The above only applies to some of the off-hand statements made in the course of the book - I think that the main theme of How we Decide (i.e., emotional involvement) is solid and entertaining, but could be conveyed in far fewer very speculative words3. Reading over some of the reviews at Amazon.com, I don't think that my opinons are too far out there...
1After several months of technique-optimization, failed-starts, and headaches, I just sent of some samples for analysis yesterday. If these turn out to be acceptable, I'll be able to shift my focus 100% toward my main project in a few weeks. Fingers are very crossed!

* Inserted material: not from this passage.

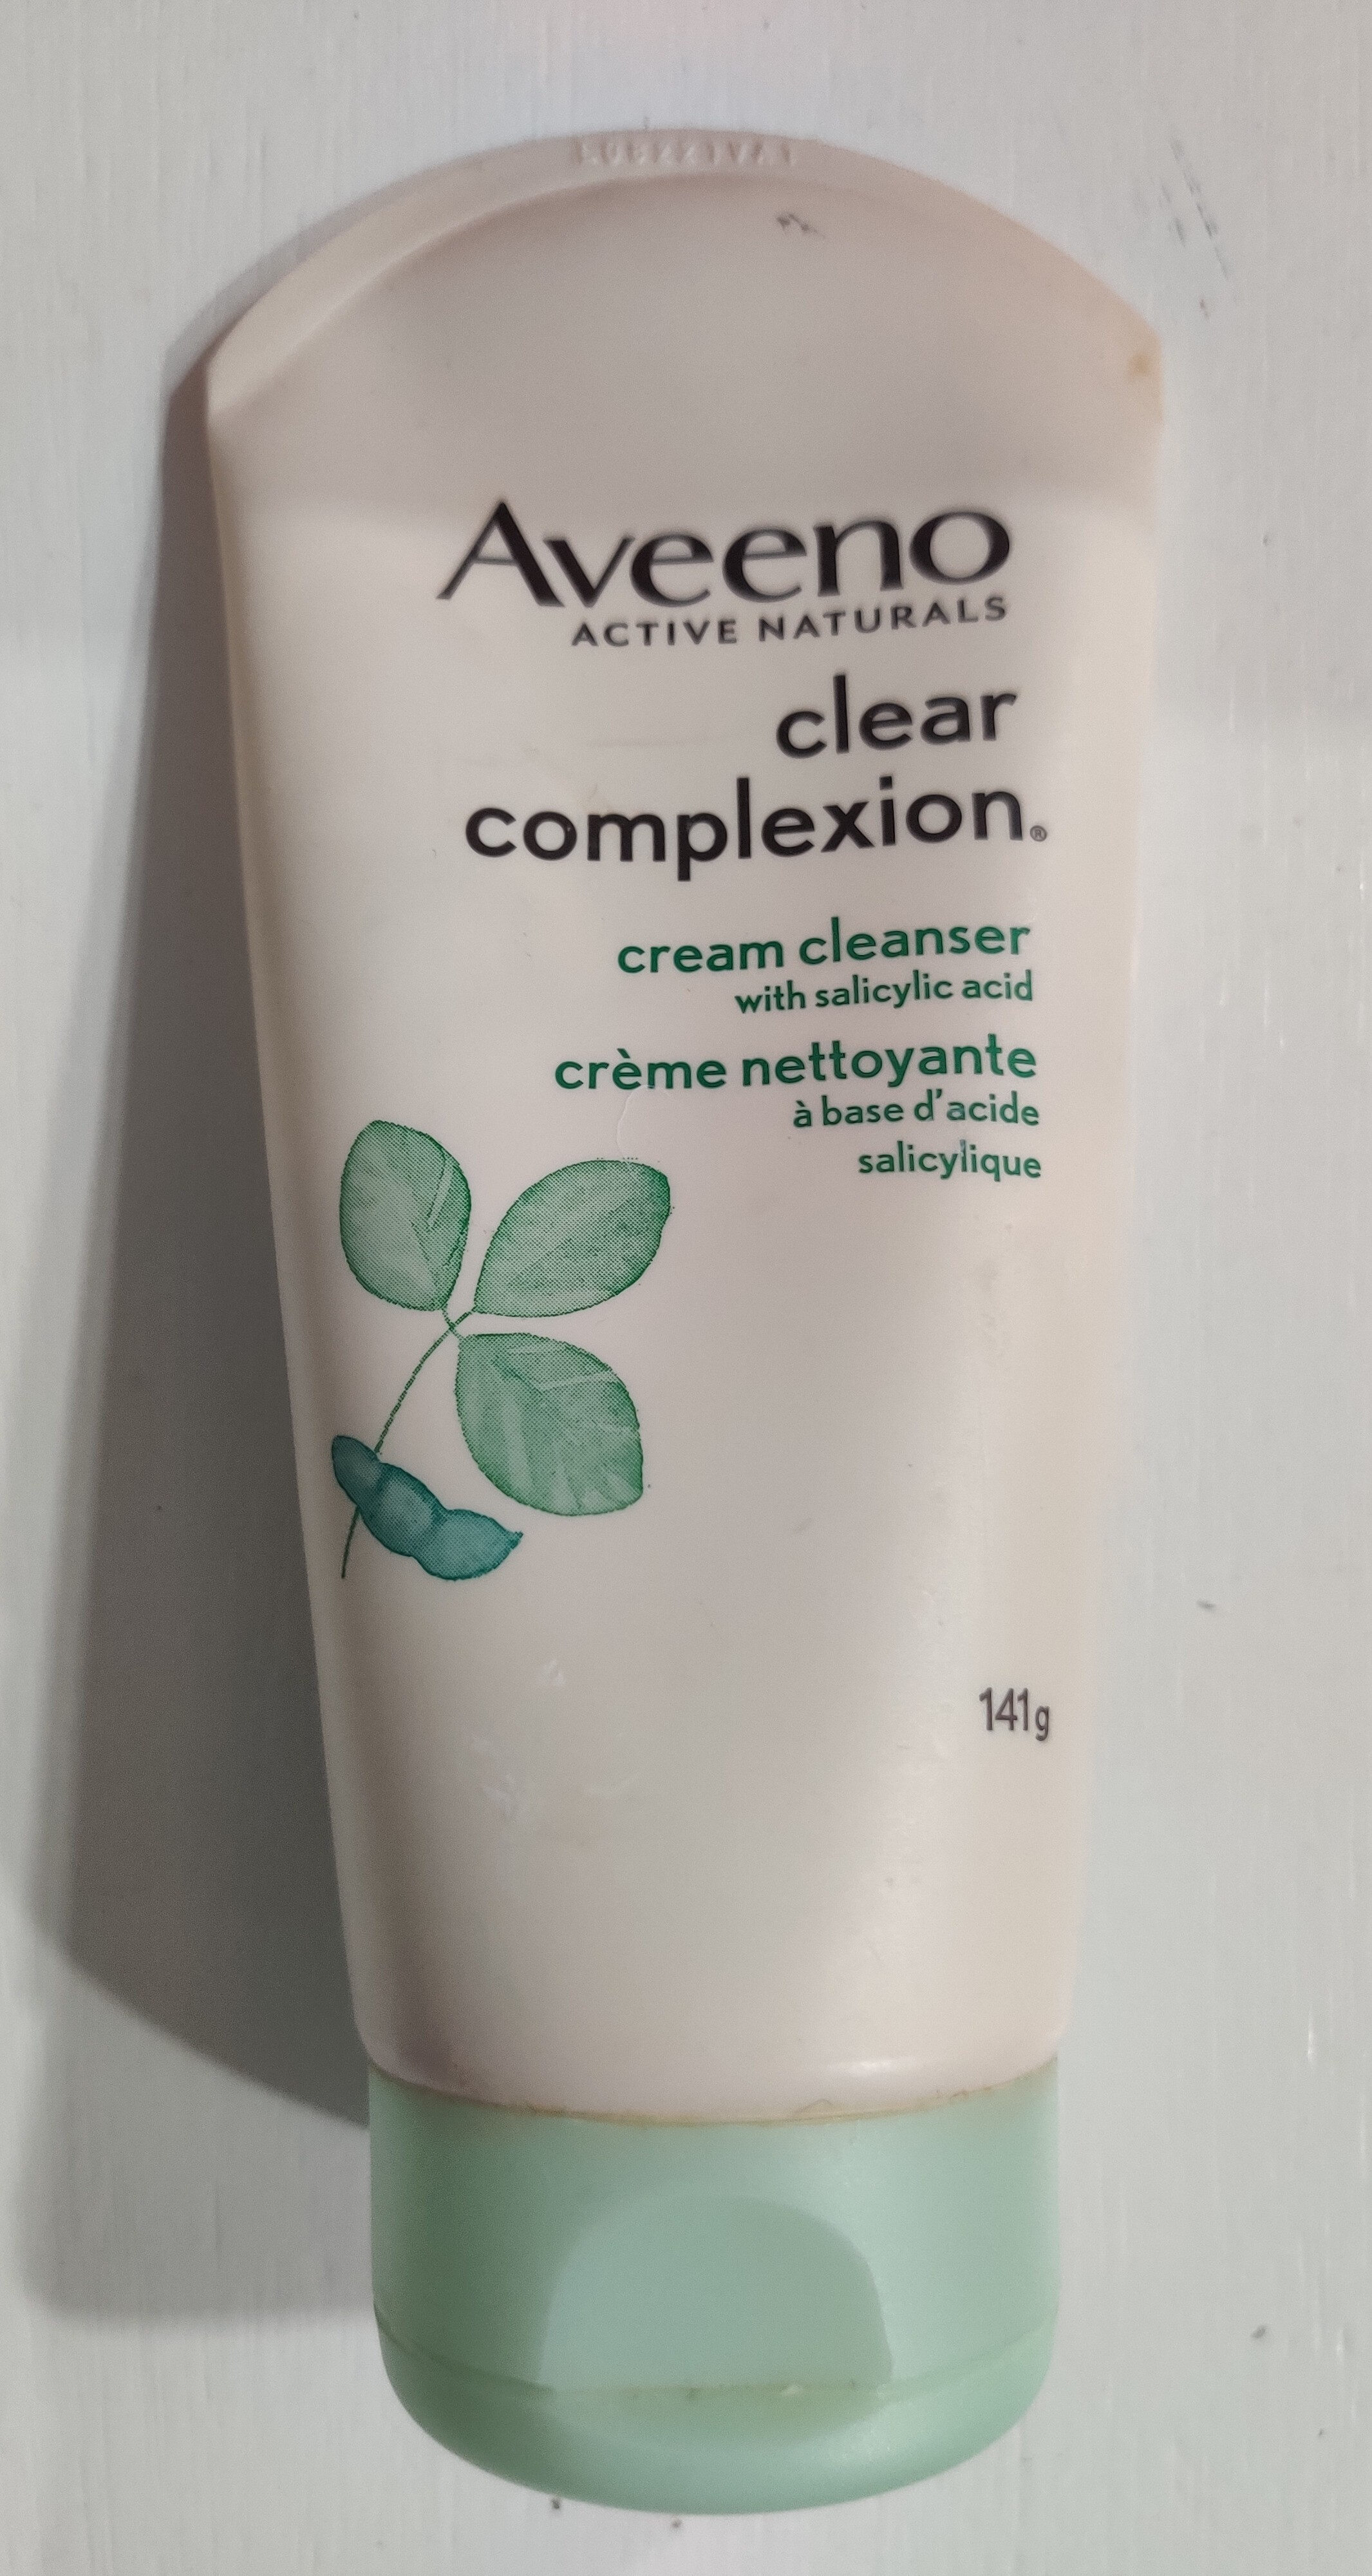 Aveeno clear completion cream cleanser - Продукт - en

2I asked my gf, who is a neuroscientist, about this, and she scoffed at the idea that we could claim that Neandertals lacked any particular brain structure as the brain-case isn't a great proxy for actual sub-organ morphology. If anyone has any evidence to the contrary, I'm all ears.
3Lehrer's writing reminds me a lot of Malcolm Gladwell, who I understand is very, very popular. It's a style that revolves around using extremely detailed and fleshed-out case-studies to repeatedly reinforce a central concept.
Reader Comments (2)
Nice poster how'd it go over?
Went well - got some good feedback and interest in it (including nice comments from none-other than current scientific star Rosie Redfield). Good conference overall!